#### [BRIEF]
Restate word for word all of the lines below, with each image left out.

#### [DATA EXTRACT]
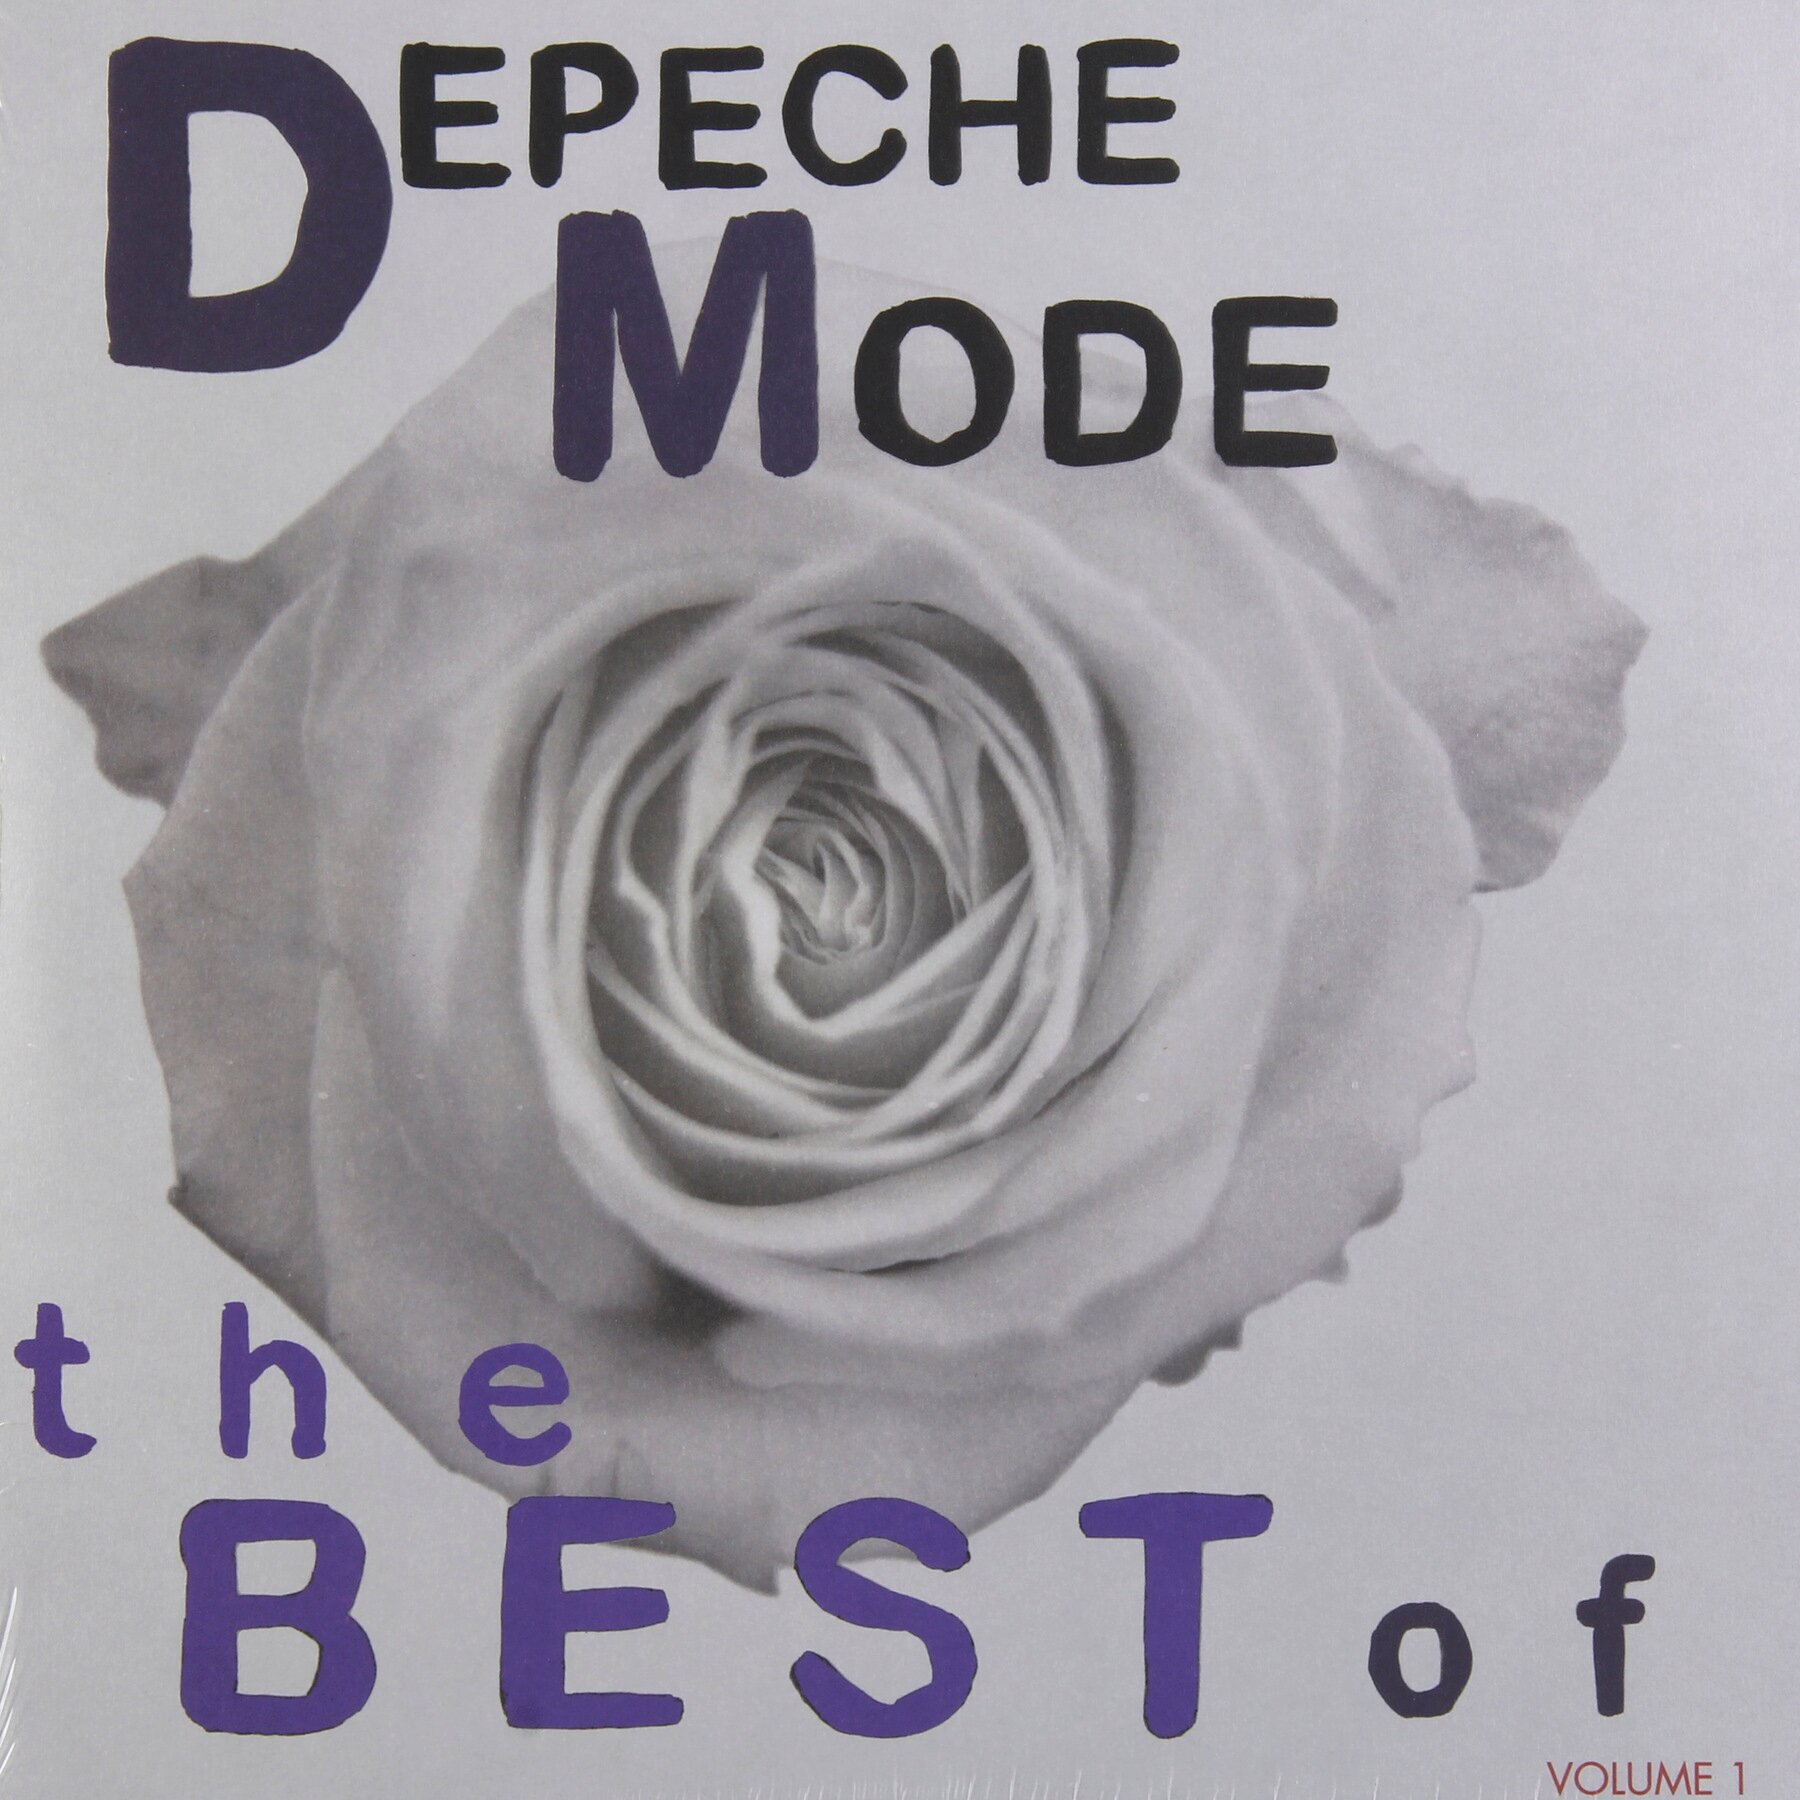 Виниловая пластинка Sony Music Depeche Mode - The Best Of Depeche Mode, Volume 1 (3LP)
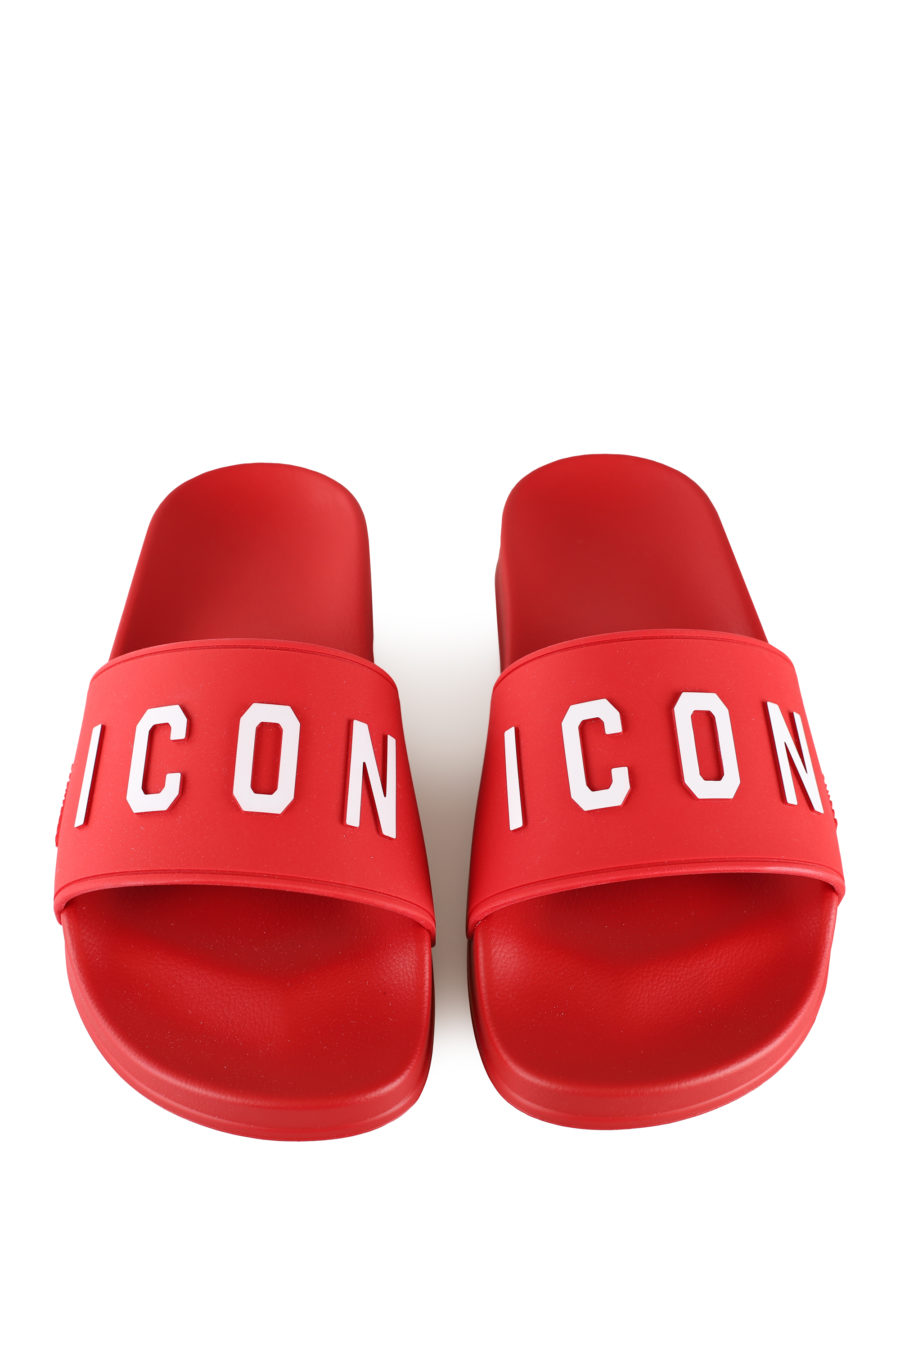 Rote Flip Flops mit weißem "Icon"-Logo - IMG 0046
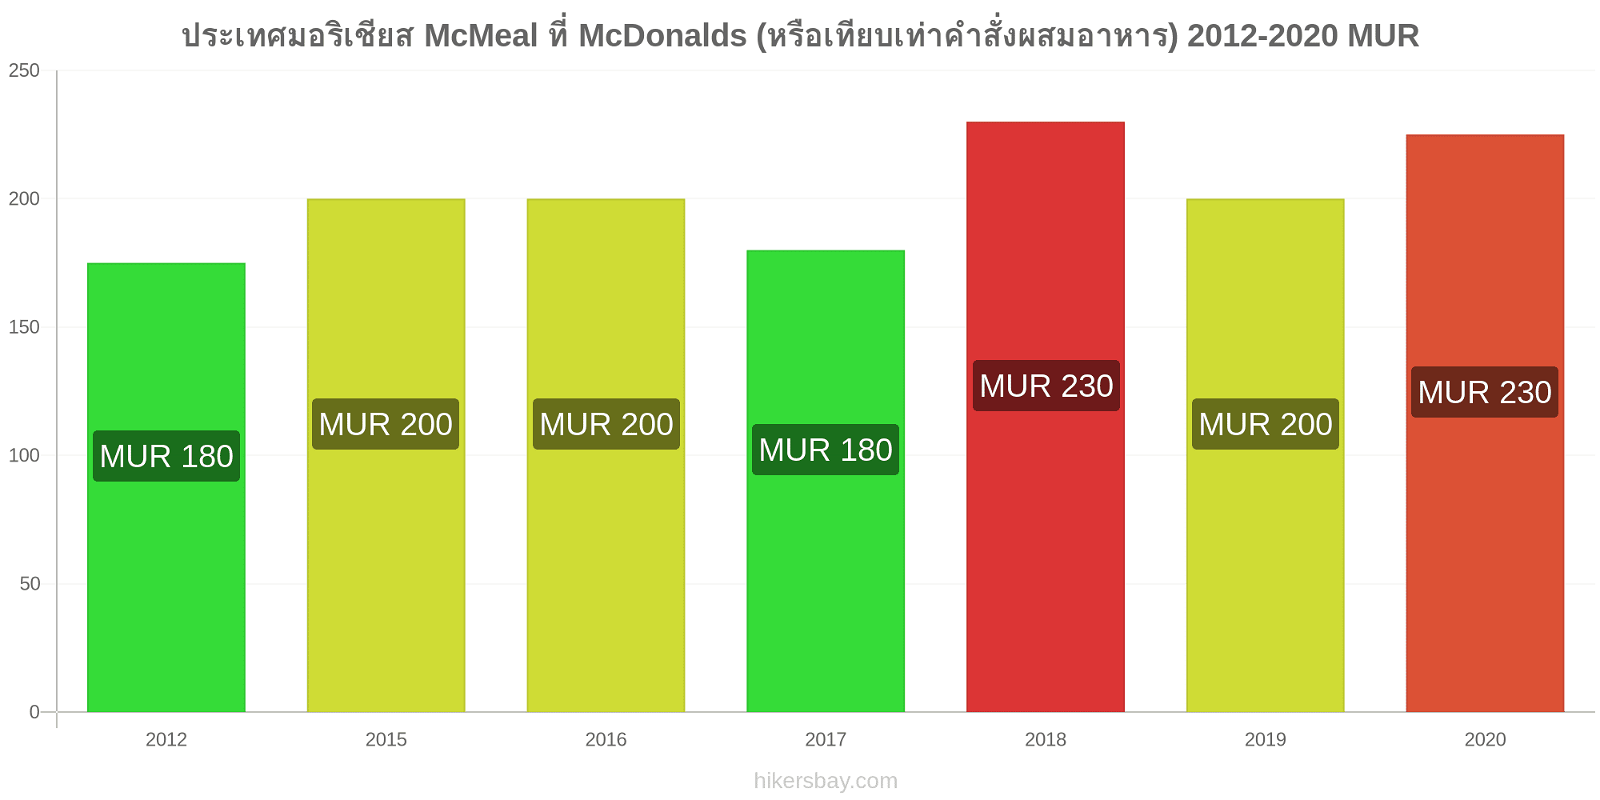 ประเทศมอริเชียส การเปลี่ยนแปลงราคา McMeal ที่ McDonalds (หรือเทียบเท่าคำสั่งผสมอาหาร) hikersbay.com
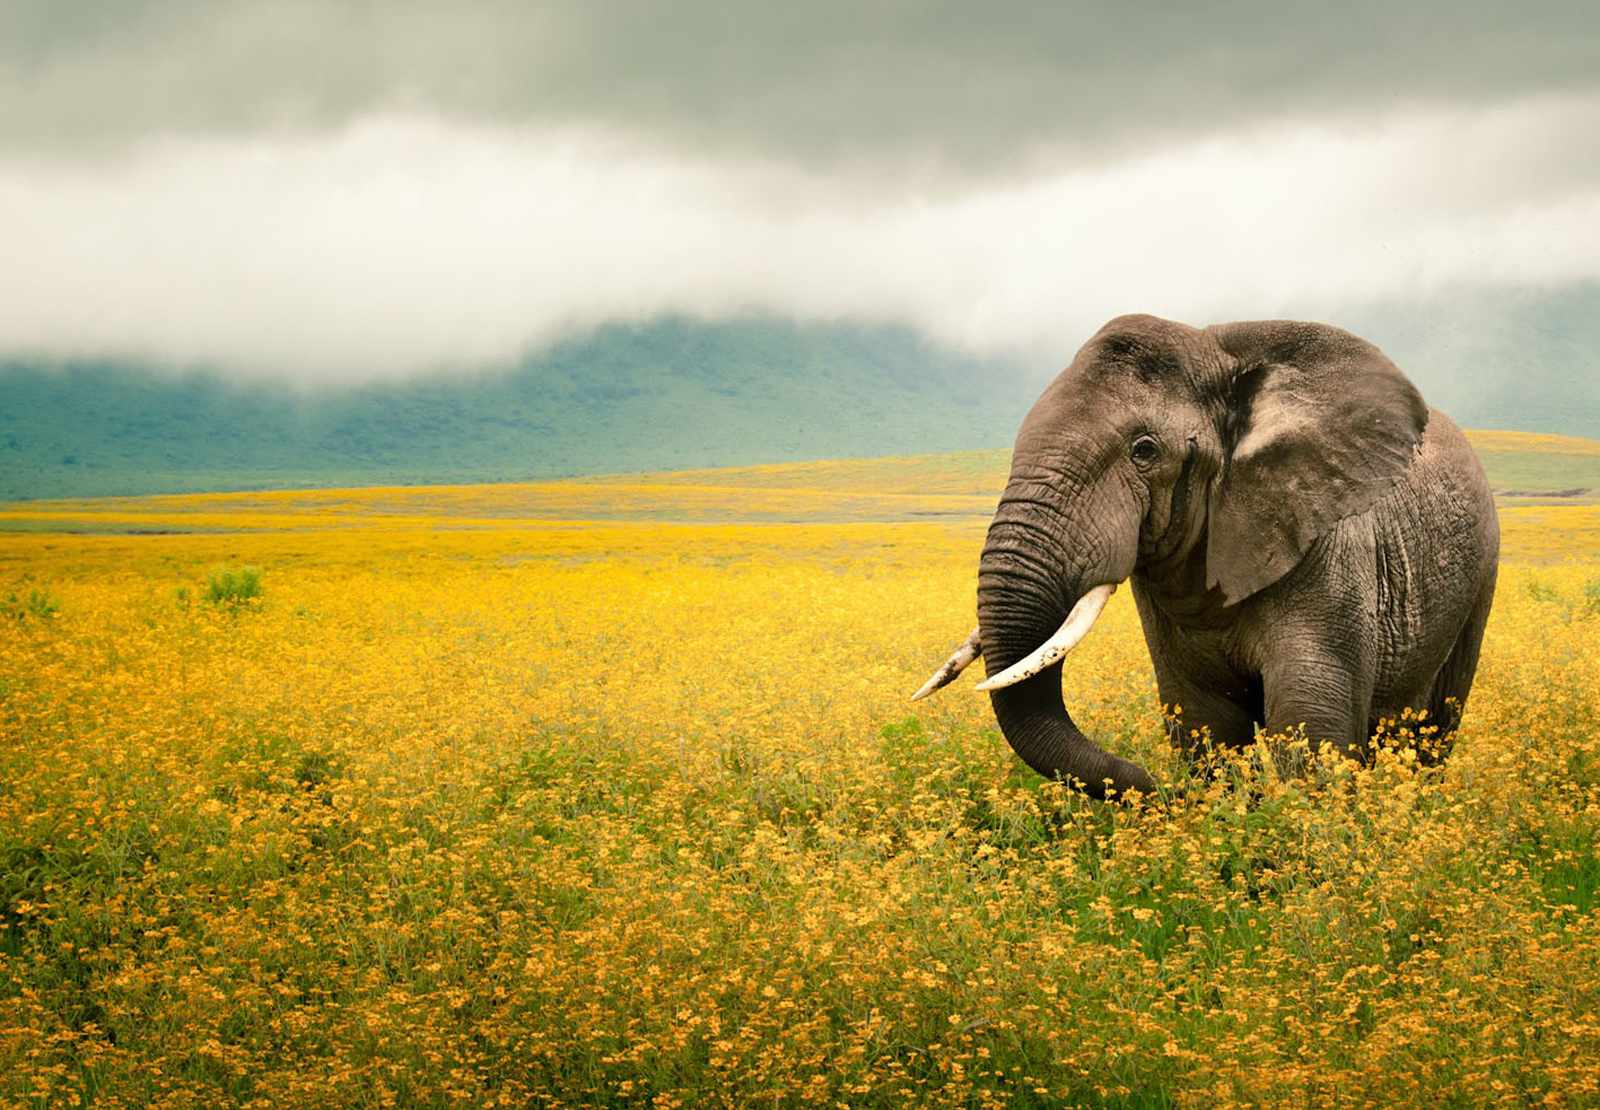 Full Screen Background Image - Elephant In Sunflower Field - HD Wallpaper

#### [ANSWER TO THE EXERCISE]
 Виниловая пластинка Sony Music Depeche Mode - The Best Of Depeche Mode, Volume 1 (3LP)
 Rote Flip Flops mit weißem "Icon"-Logo - IMG 0046
 ประเทศมอริเชียส การเปลี่ยนแปลงราคา McMeal ที่ McDonalds (หรือเทียบเท่าคำสั่งผสมอาหาร) hikersbay.com
 Full Screen Background Image - Elephant In Sunflower Field - HD Wallpaper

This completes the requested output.